Understanding relationships
Last updated
Last updated
Sometimes, we are not interested in either describing groups or validating their differences. Instead, we may be interested in relationships between variables. For example, we might want to how much income level affects life expectancy, and even compare that to the effect of sex and healthcare expenditure. This is an area of statistics that quickly grows in complexity (see e.g. ). For this short introduction, we will thus only limit ourselves to the most simple of methods, intended to just convey the general gist of what these are about.
When wanting to evaluate the relationship between two numerical variables (e.g. life expectancy and healthcare spending), the simplest approach is to look at their correlation.
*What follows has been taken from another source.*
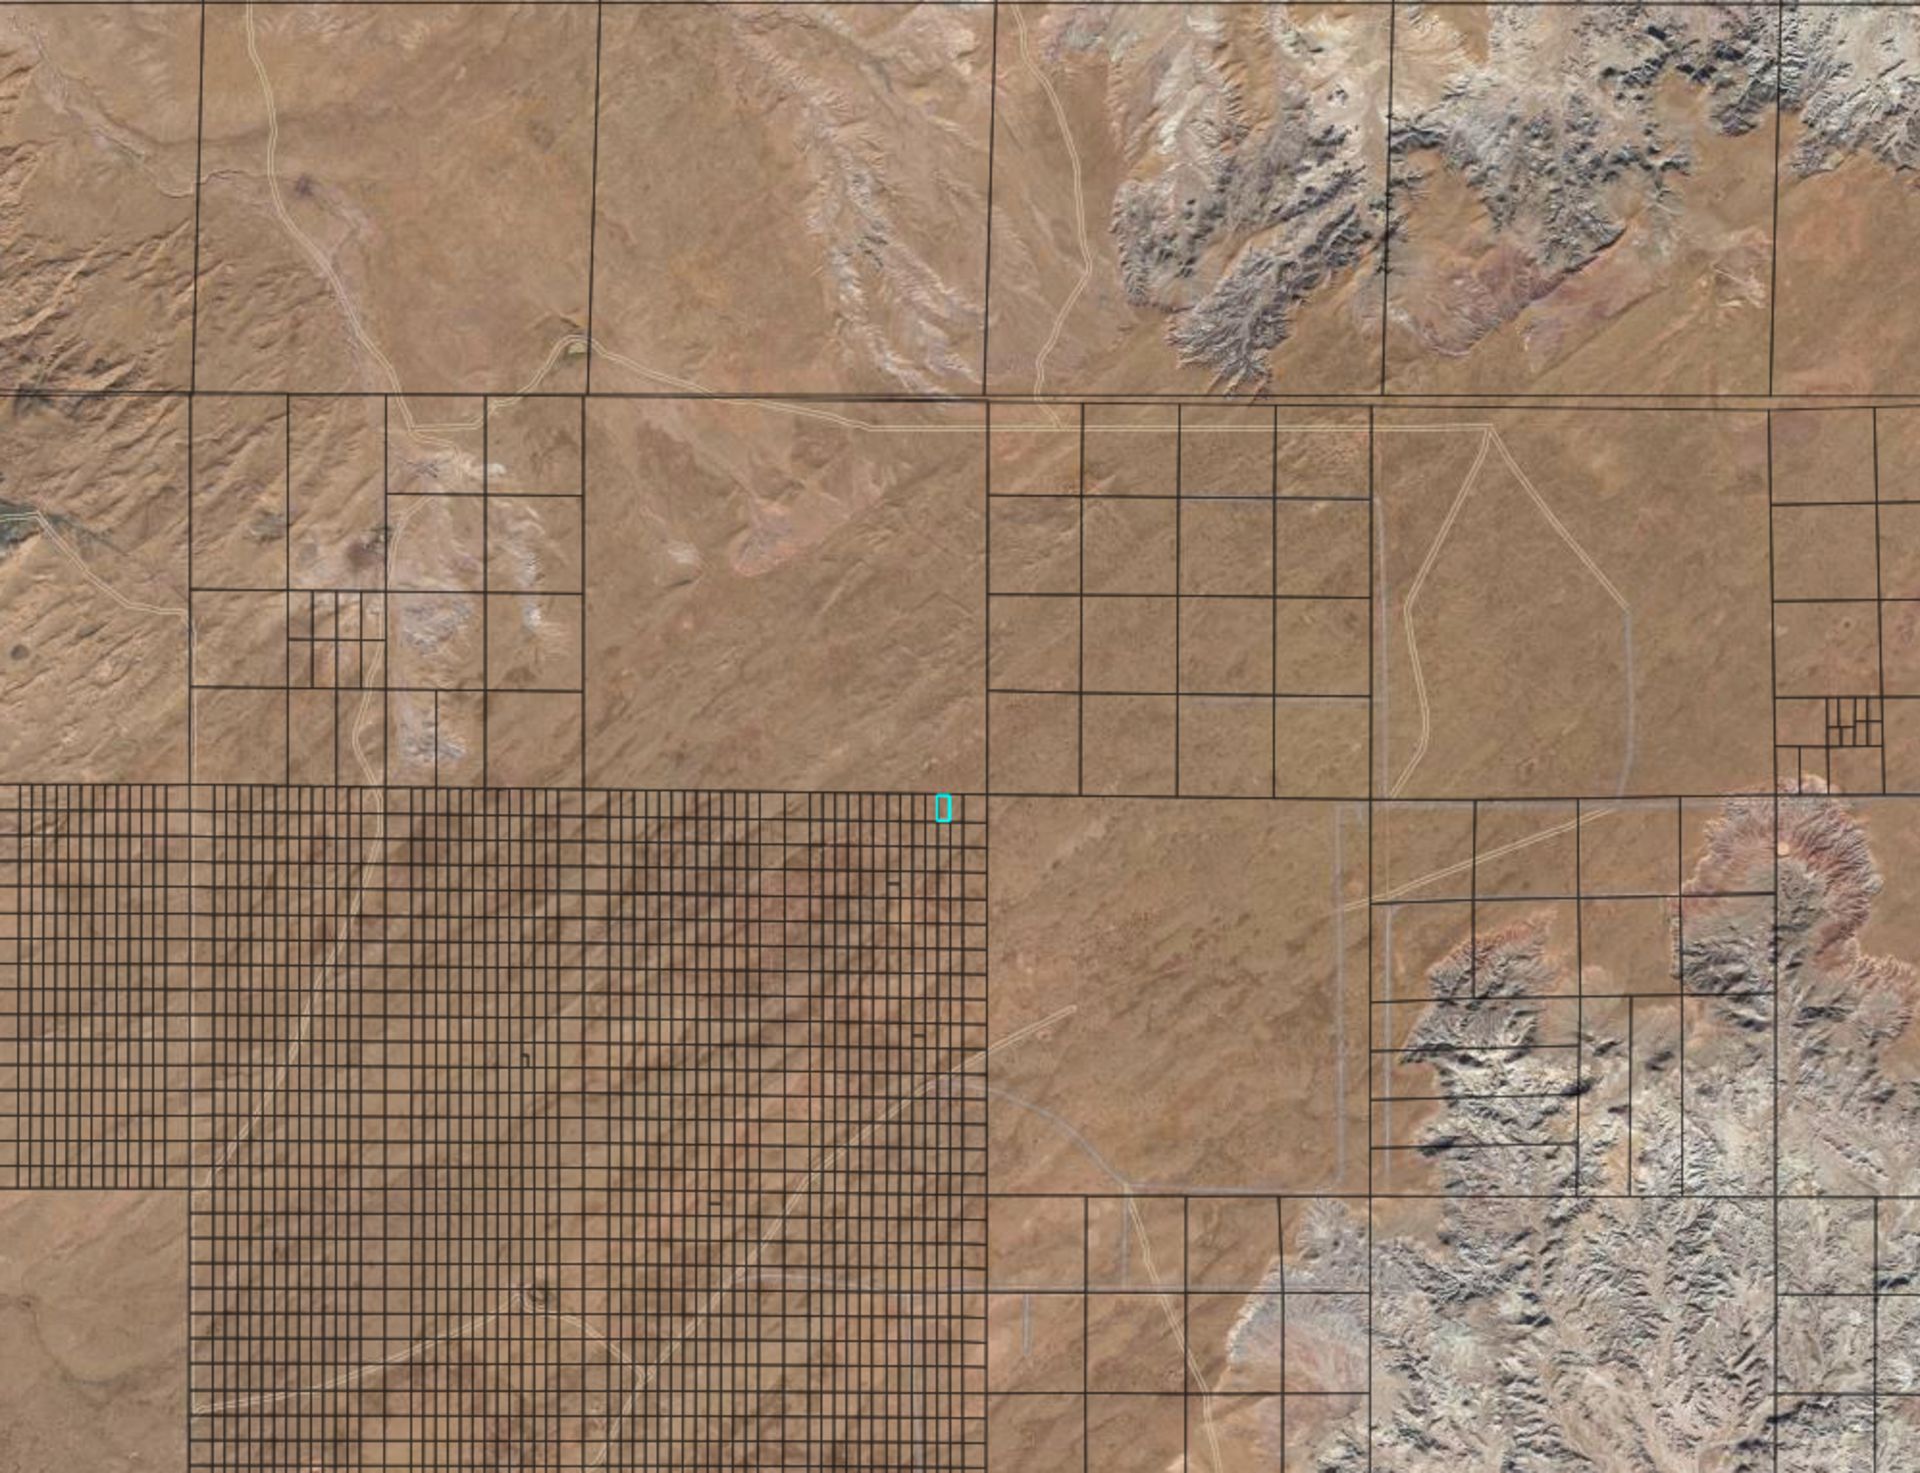 1.26 Acres in Breathtaking Navajo County, Arizona! - Image 8 of 13
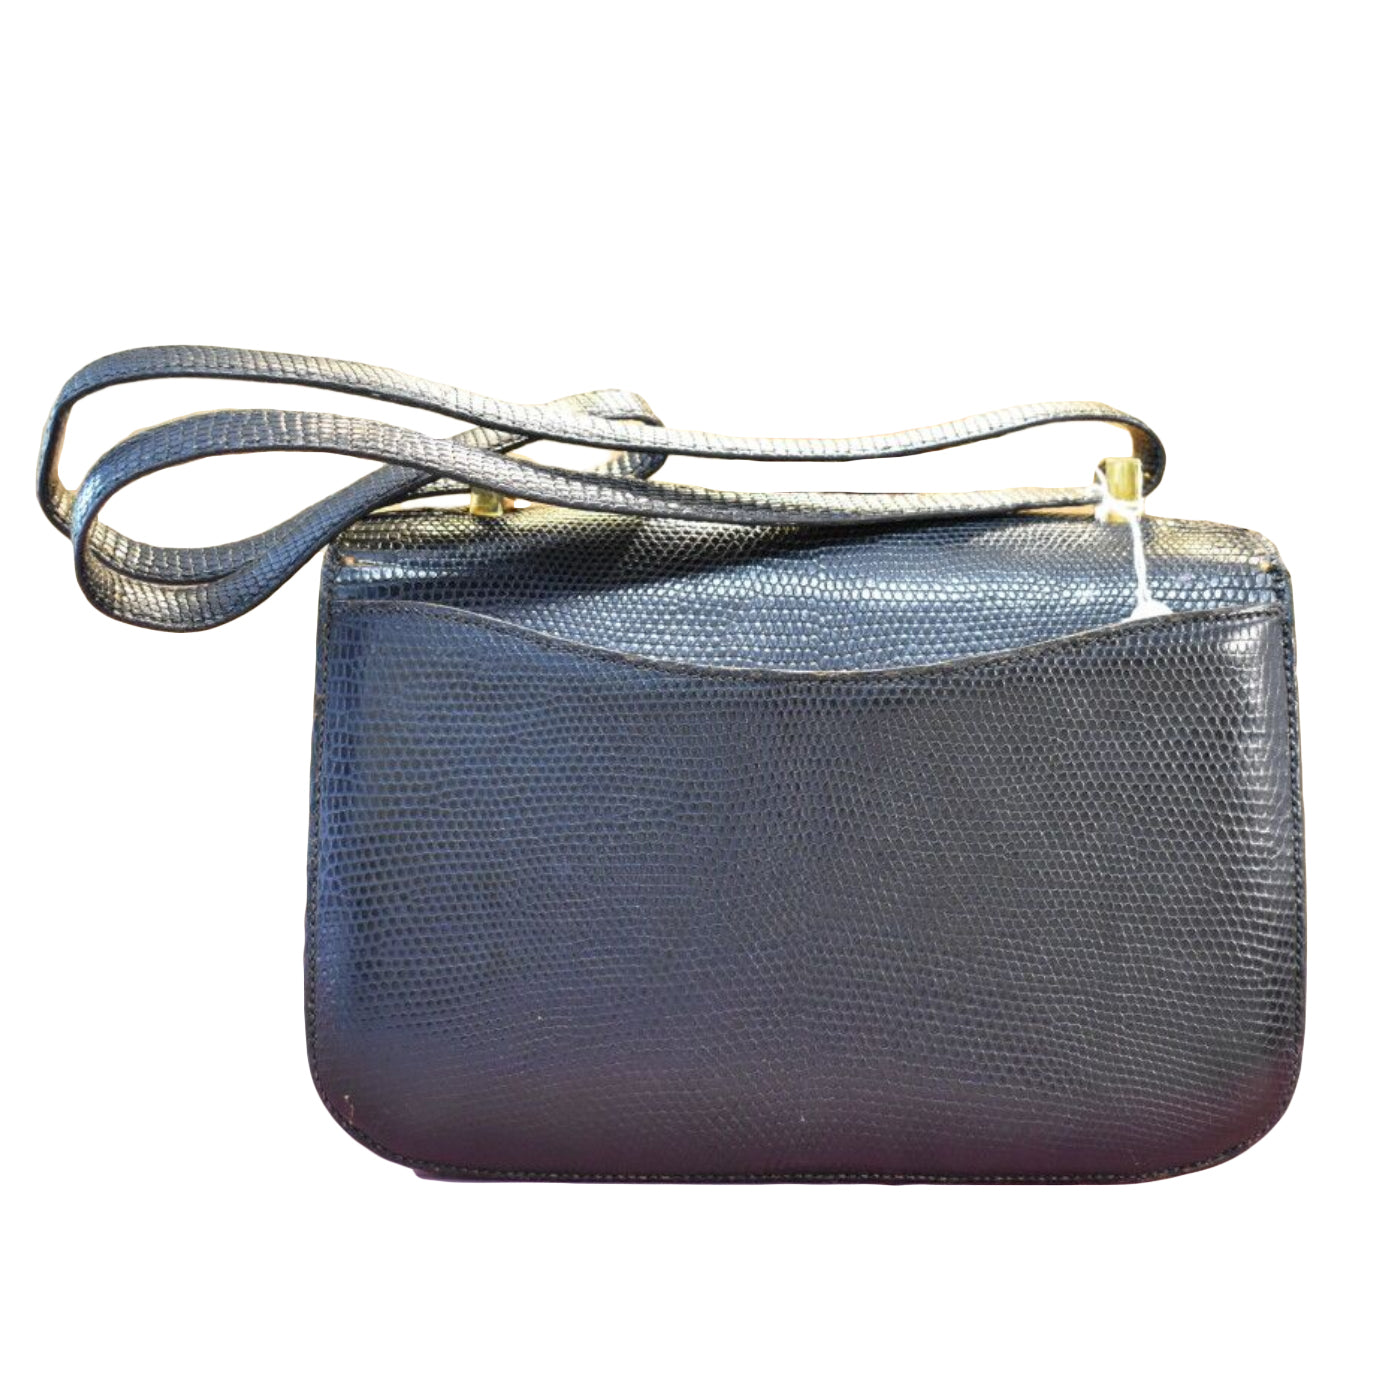 Constance leather handbag

Correlation measures the extent to which the variables are linearly related, i.e. have a relationship where if one variable grows a certain amount, the second variable either grows or diminishes a proportional amount (e.g. that for every 100 million spent into healthcare, life expectancy would increase by a year - note also that as stated, correlation only accounts for linear relationships, so, for example, would not be able to model diminishing returns in healthcare spending, etc).
Stepping on from correlation, one may want to start building a formal model of the data, through which one could posit and verify laws about the world that gave rise to it. While such models can grow increasingly complex (again see e.g. ), it is good again to start with the simplest of such models: a linear regression model. Here, the idea is to formally code the linear relationships sought for through correlation. For example, to come up with a formula that the height of a person is 50cm+8times their hand size in cm (height=50+8*hand size).